As Hsieh notes, your definition of conductance is off from the one I know by a factor of $d$, where $d$ is the degree of the regular graph. This is also known as edge expansion for regular graphs.
A relationship between edge expansion and diameter is quite easy to show. Intuitively, an expander is "like" a complete graph, so all vertices are "close" to each other. More formally, let
$$
\min_{S \subseteq V}\ { \frac{ e(S, S^c) }{ d \cdot \min\{|S|, |S^c|\} }} \geq \alpha
$$
Take any set of vertices $S$ with $|S| \leq |V|/2$. There are at least $\alpha d |S|$ edges coming out of $S$ and since $G$ is $d$-regular, the neighborhood of $S$ (including $S$ itself) is of size at least $(1+\alpha)|S|$. Applying this claim inductively, starting from $S = \{u\}$ for any vertex $u$, we see that for some $t = O(\log_{1 + \alpha } |V|)$, $u$'s $t$-hop neighborhood has size at least $|V|/2$. Therefore, the $t+1$-hop neighborhood of any vertex $v$ has to intersect the $t$-hop neighborhood of $u$, or the graph would have more than $|V|$ vertices, a contradiction.
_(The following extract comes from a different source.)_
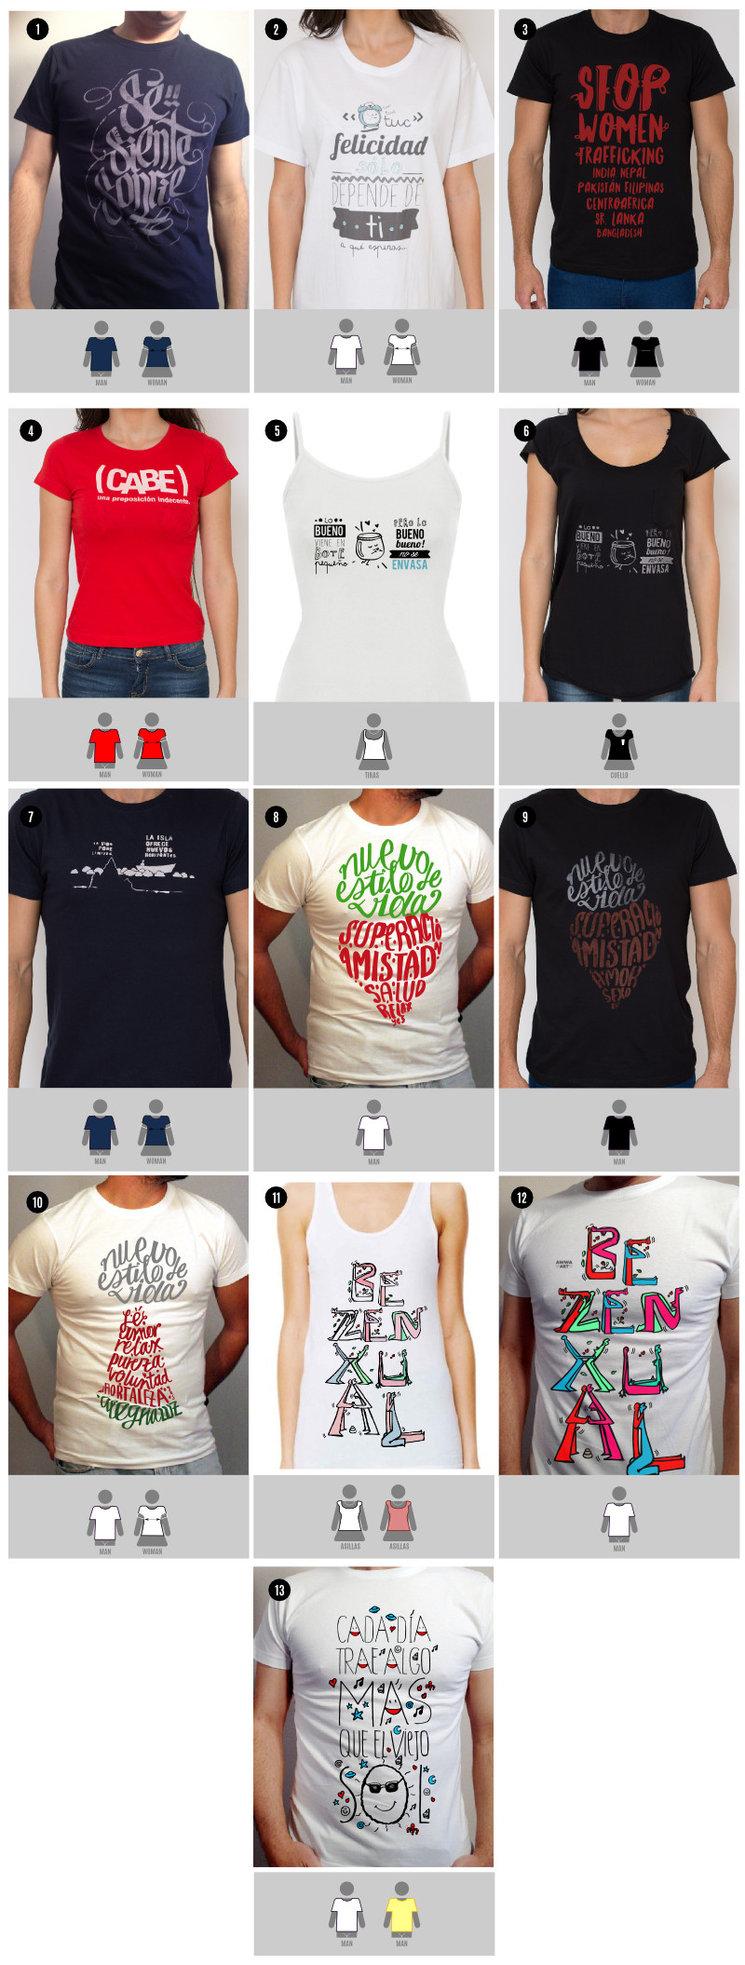 Tallado de camisetas Awwa art según modelos — Awwa Art dec309a78611b

So you have
$$
D = O\left(\frac{\log |V|}{\log (1 + \alpha)}\right)
$$
Of course, it also follows that having a lower bound on the diameter implies an upper bound on edge expansion.
I don't think small diameter implies conductance. If you don't insist on regular graphs (and use Hsieh's definition), then two complete graphs connected by a single edge provides a counterexample.